Klöckner kritisiert AfD und mahnt „ordentlichen“ Umgang mit Steuergeld an

Bundestagspräsidentin Julia Klöckner (CDU) hat die AfD im Zusammenhang mit den Vorwürfen zur Vetternwirtschaft deutlich kritisiert. Dem „Tagesspiegel“ sagte sie: „Wir Abgeordnete können deshalb Mitarbeiterinnen und Mitarbeiter beschäftigen, weil der Souverän, weil die Steuerzahler das ermöglichen und es für die Arbeitsfähigkeit eines Parlamentes notwendig ist.“ Deshalb gebiete es allein schon der politische Anstand, ordentlich damit umzugehen.
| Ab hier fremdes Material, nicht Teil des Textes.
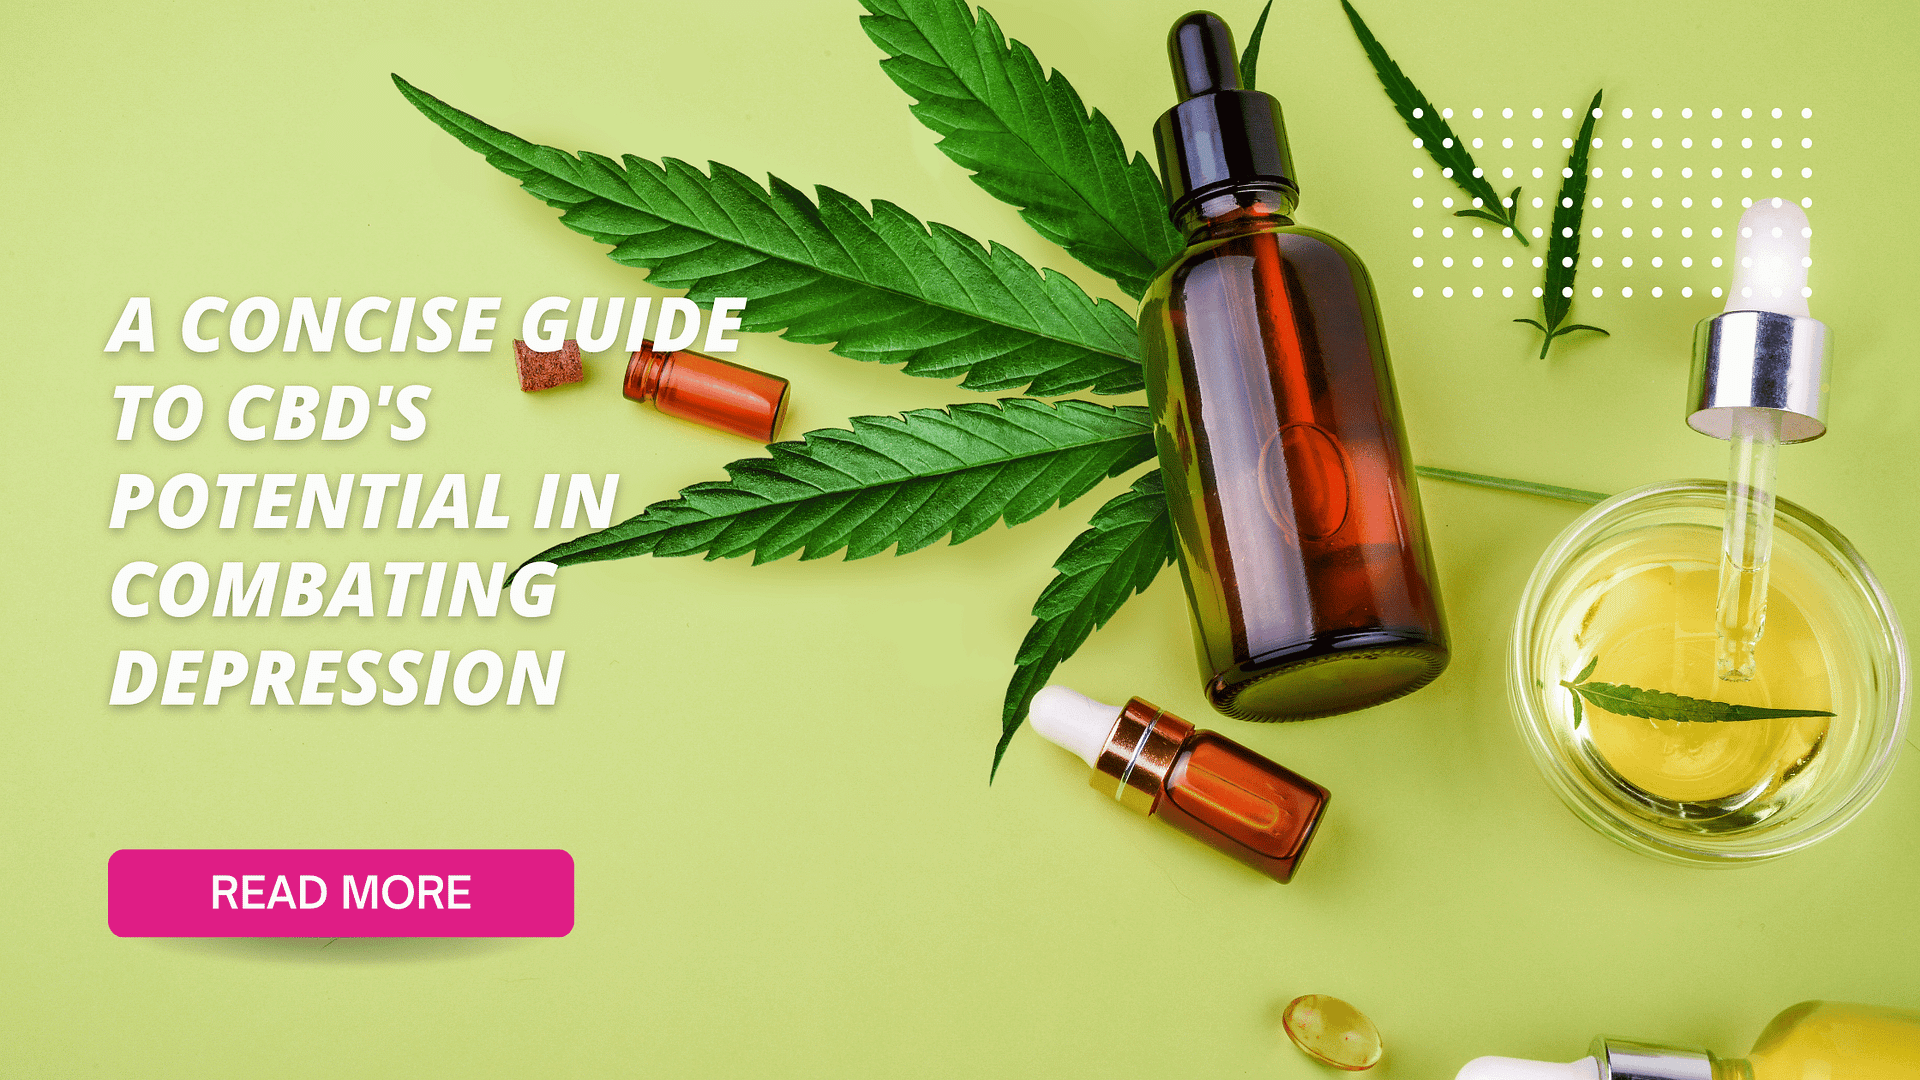 A Concise Guide to CBD's Potential in Combating Depression
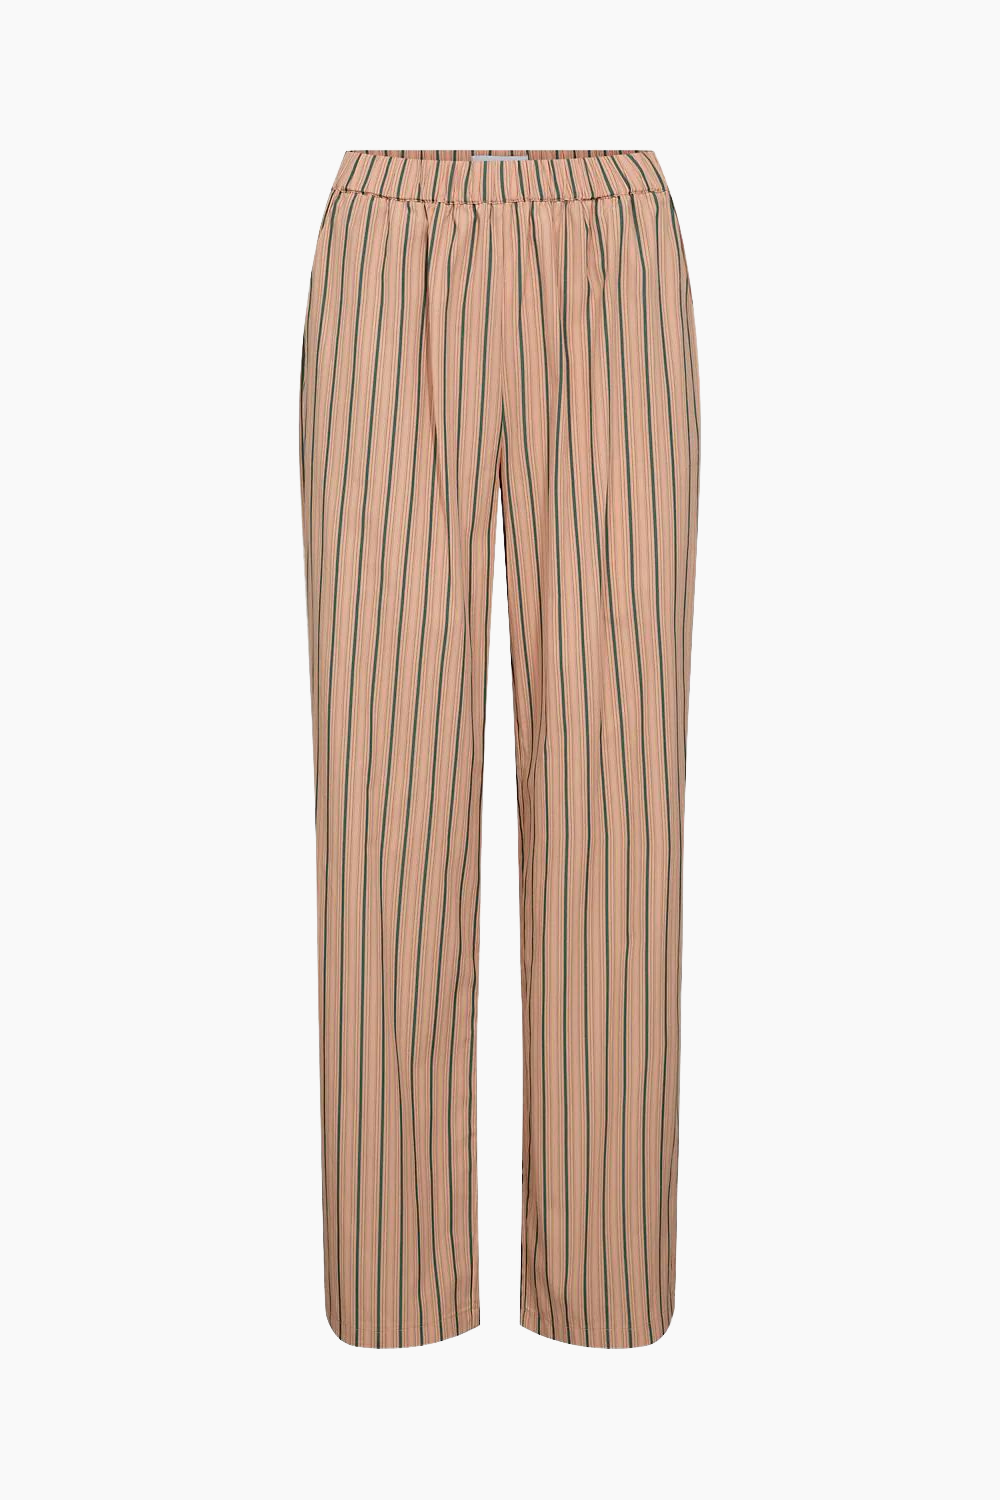 Evis Casual Pants - Bleached Apricot - Moves

„Das schließt sowohl Vetternwirtschaft, Selbstbedienung und anrüchige Anstellungskonstrukte aus“, sagte Klöckner. Außerdem sollten keine Mitarbeiter weiterbezahlt werden, denen ihr Hausausweis verwehrt wurde. Diese Forderung hatte die Bundestagspräsidentin schon kurz vor Weihnachten in einem Schreiben an die ersten Parlamentarischen Geschäftsführer gerichtet. „Ich begrüße es deshalb, dass sich die Fraktionen mit Blick auf mögliche Änderungen des Abgeordnetengesetzes damit beschäftigen.“

Weil die AfD in mehreren Bundesländern Verwandte von Parteifreunden beschäftigt, wirft man ihr Vetternwirtschaft vor. Union und SPD haben eine Verschärfung des Abgeordnetengesetzes gefordert, in dem die Anforderungen an über Steuermittel finanzierte Beschäftigte definiert sind. Auch Bundeskanzler Friedrich Merz (CDU) stellte in einem Interview strengere gesetzliche Regeln in Aussicht. Der „Rheinpfalz“ sagte er: „Ich würde uns eine gesetzliche Regelung gerne ersparen. Angesichts des Ausmaßes des Missbrauchs werden wir aber möglicherweise nicht darum herumkommen.“

Im Abgeordnetengesetz ist festgelegt, dass Parlamentarier keine eigenen Verwandten, Partner oder Ex-Partner auf Kosten der Steuerzahler anstellen dürfen. Die Beschäftigung solcher Personen in anderen Abgeordnetenbüros ist nicht geregelt.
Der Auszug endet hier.